"Gölcük 50. Yıl SSK Hastanesi'nin başhekimiydim. Hastaneye geldim. Manzara çok kötüydü, hastanenin bahçesinde yaralı insanlar, feryat eden, bağıran çağıran insanlar vardı. Personelden kimse yoktu. Acilin kapısını açıp bir vesile ile eczanenin camlarını kırıp ilaç aldım. Sakinleştirici dağıttım..."
Dr. Burhan Çeçen, 20 yıl önce 17 Ağustos'ta yaşadıklarını böyle aktarıyor. Dr. Çeçen, o sabah bitmek bilmeyen 45 saniyede neler yaşadığını ve sonrasını bianet'le paylaştı:
"45 saniye 45 yıl gibi geldi"
"Gölcük Değirmendere’de Yüzbaşılar sahilinde beş katlı bir apartmanın dördüncü katında oturuyordum. Deprem olduğu saatte uykudaydık eşimle. İnce bir sarsıntı ile uyandık. Biraz daha uzadı, biraz daha uzadı. Sarsıntılar biraz daha kabalaştı, derken uçakta hava boşluğuna düşer gibi bir his yaşadık. Sonradan öğrendiğimiz kadarı ile 45 saniye sürmüştü ama o 45 saniye bizim için 45 yıl gibiydi. Öleceğimize inanmıştık, yapacak da bir şey yoktu. Ölümü bekliyorduk.
"Gökyüzü alev rengindeydi"
Sarsıntılar durduğunda biz de uçakta hava boşluğundan düşer gibi bir his yaşadıktan sonra rahatlamıştık. Ancak her yer karanlıktı. Kalktığımda gardırop üstümüzdeydi. Beni fazla sıkıştırmamıştı ben çıktım. Gardırop yatağın üzerine devrilmişti, eşim de sıkışmıştı. Oradan çıkartabildim onu. Camdan dışarı baktığımızda dışarıda gökyüzü kızıl bir renkti. Alev rengindeydi.
"Yandaki apartmanda yangın çıkmıştı"
Komşu apartmandan feryatlar geliyordu. Yakınımızda altında fırın olan bir apartmandan yangın çıkmıştı. Camdan içeri yoğun duvarlar girmekteydi. Oda karanlıktı, neyin ne olduğunu bilmiyorduk. Eşime bir yerde durmasını söyledim ve onu terk etmeyeceğimi geri döneceğime söz vererek balkon kapısından öteki odaya geçtim. Çünkü yattığımız odanın kapısı açılmıyordu. Arkasına enkaz yığılmıştı. Balkon kapısından öteki odaya geçtiğimde karanlıkta el yordamı ile kapıya yöneldim. Ancak o kapıda açılmıyordu.
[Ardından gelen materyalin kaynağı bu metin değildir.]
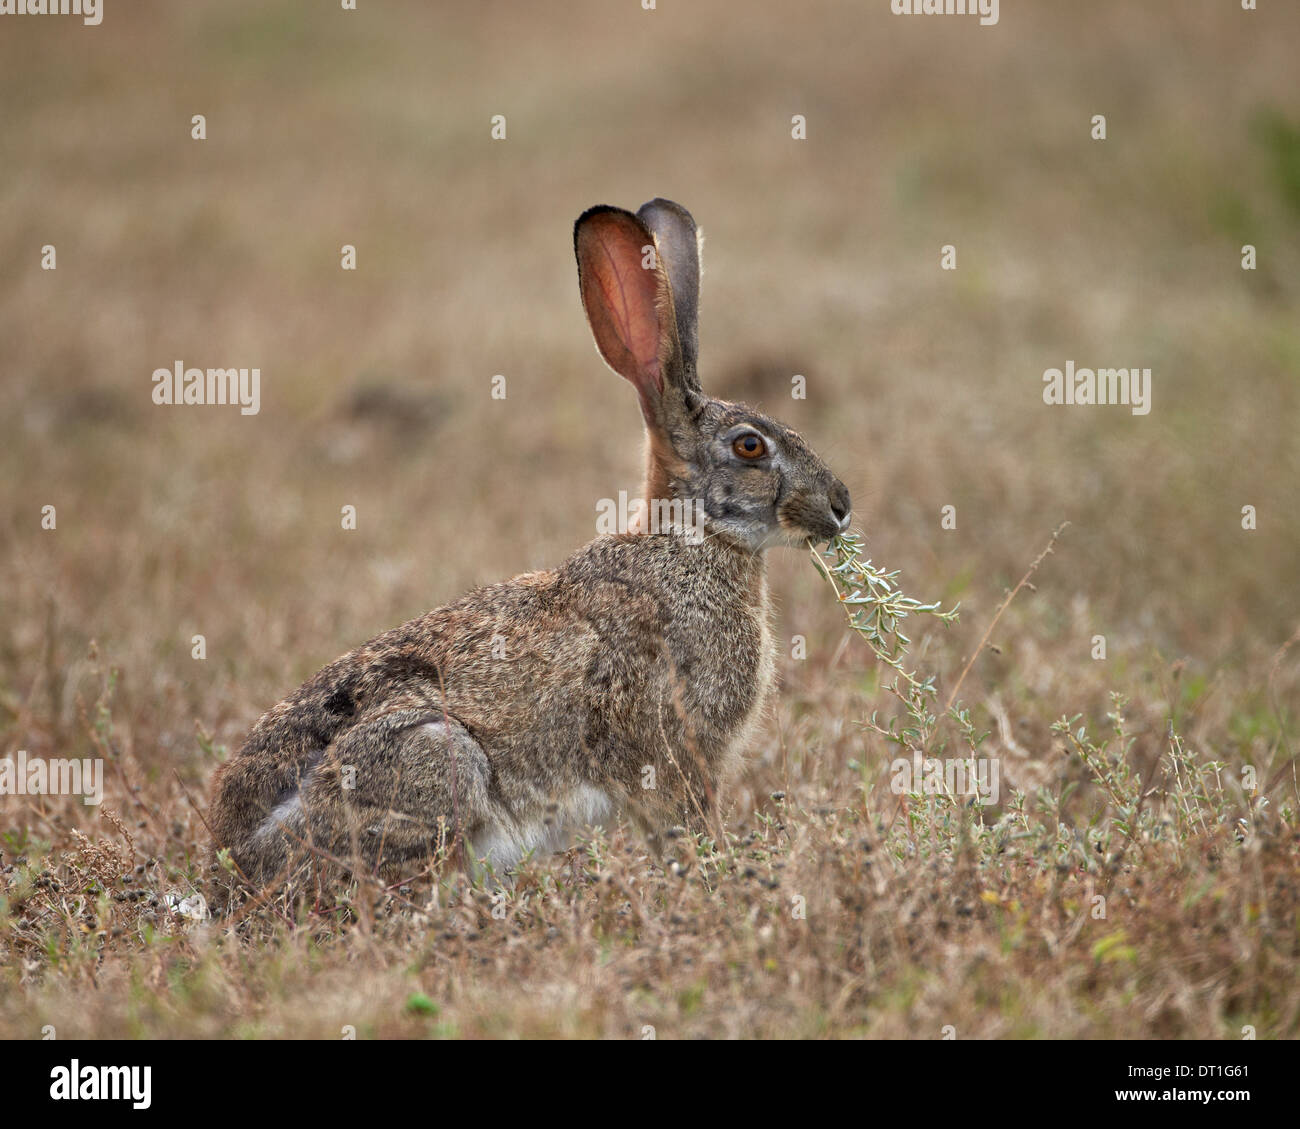 African hare (Cape hare) (brown hare) (Lepus capensis) eating, Addo Elephant National Park, South Africa, Africa Stock Photo

Camdan aşağı baktığımda insanları gördüm, onların da çok yapacak bir şeyi yoktu. Geri döndüm eşimi aldım salona geldim. Hadi gidelim dedim. Çelik kapı, açılmıyordu. Eşim, bak burada bir delik var dedi. Kapının yanı yıkılmıştı orada hakikaten bir delik vardı. Oradan sürünerek geçtim. Prova yaptım, sonra döndüm eşimi çıkarttım, ben de peşinden çıktım. Merdivenlere yöneldik, bir kat aşağı indiğimizde merdiven de bitmişti, yoktu. Alttan iki kat birleşmişti, merdiven de üçüncü kat seviyesinde bitmişti.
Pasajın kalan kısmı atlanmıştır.